(380b) Domain Shape Morphologies in Monolayer Films: Interplay Among Line Tension, Dipolar Repulsions, and Surface Curvature

Lung surfactant monolayers phase-separate in two dimensions, resulting in liquid-condensed (LC) domains dispersed within a less-ordered, liquid-expanded (LE) matrix. The organization of lipids, fatty acids, proteins, and cholesterol dictates the morphology of domain shapes in coexisting LC-LE monolayers, which, in turn, affects the surface-tension-lowering and respreading ability of lung surfactant. An open question, with implications for surfactant replacement formulations, is how these various chemical components combine to effect certain domain morphologies, and what these morphologies imply about the physicochemical properties of the monolayer. A related question is how physiologically realistic curvature of the pulmonary alveoli – 40-150 microns in diameter – impacts these morphologies. To address these questions, we present insights derived from continuum-mechanical theory into the physics governing domain shapes in planar and spherical monolayers. In the first part of the talk, we present an application of H. M. McConnell’s classical theory to predict droplet-to-stripe shape transitions in planar monolayers of varying chemical composition.

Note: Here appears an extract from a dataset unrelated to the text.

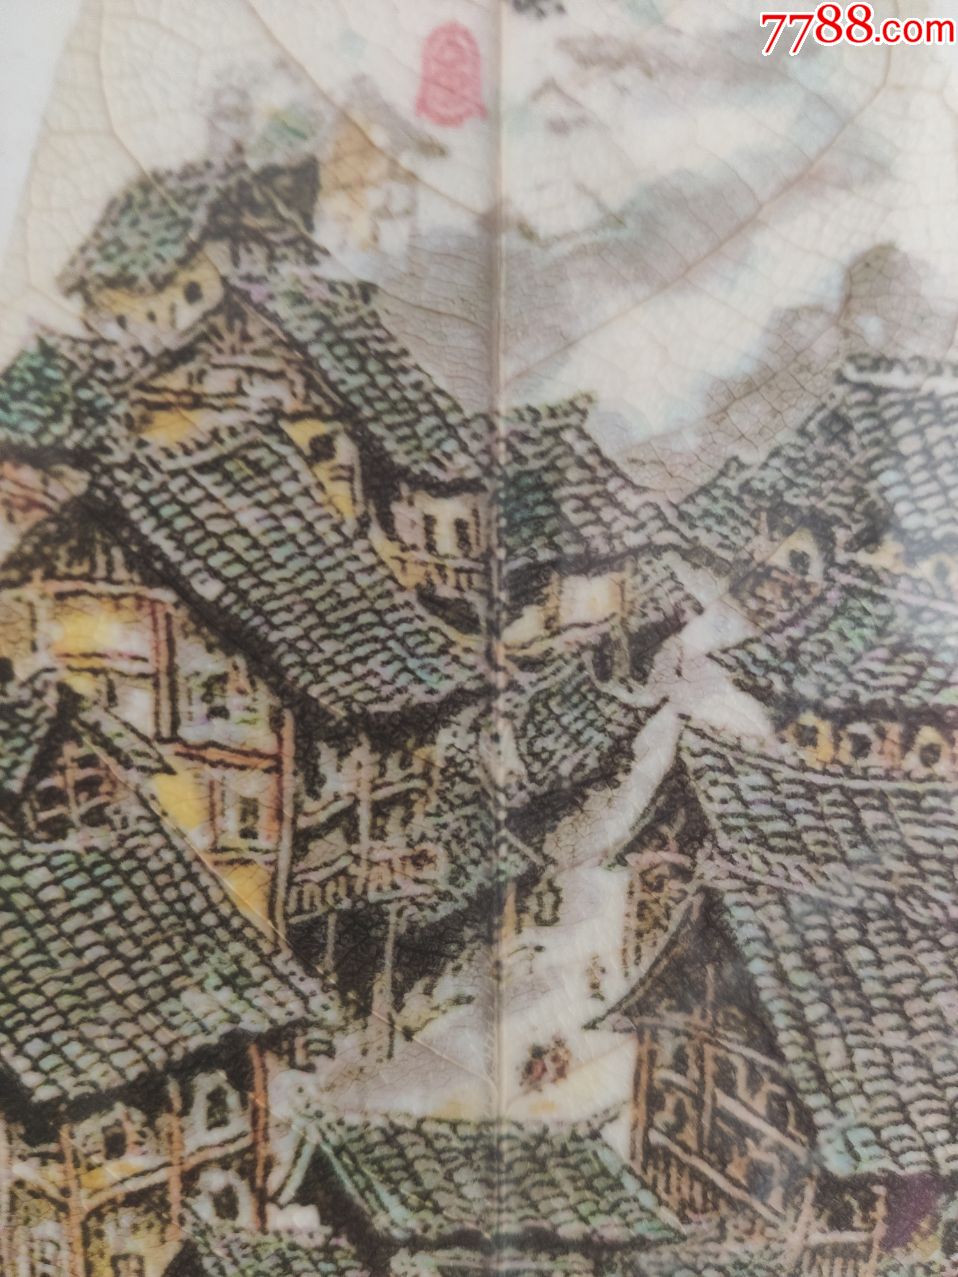 已经绝版重庆山城吊脚楼叶脉画,2010上海世博会选定贵宾礼品长25宽11.

Fluorescence imaging experiments reveal the droplet phase to be highly polydisperse, whereas the stripe phase exhibits a highly uniform width distribution that is tightly controlled by the monolayer composition. This enables, for the first time, unambiguous determination of the ratio of the squared dipole moment density to the line tension (2D Bond number) by measuring stripe widths instead of droplet radii. In the second part of the talk, we present an extension of McConnell’s theory to spherical monolayers and the effect of surface curvature. Through a linear stability analysis of the phase energetics, we show that surface curvature delays the onset of the droplet-to-stripe shape transition by attenuating the strength of dipolar repulsions between phospholipids. Our theory suggests that the curvature of the lung alveoli plays a nontrivial role in selecting LC domain morphologies, which could not have been uncovered from traditional Langmuir-trough experiments.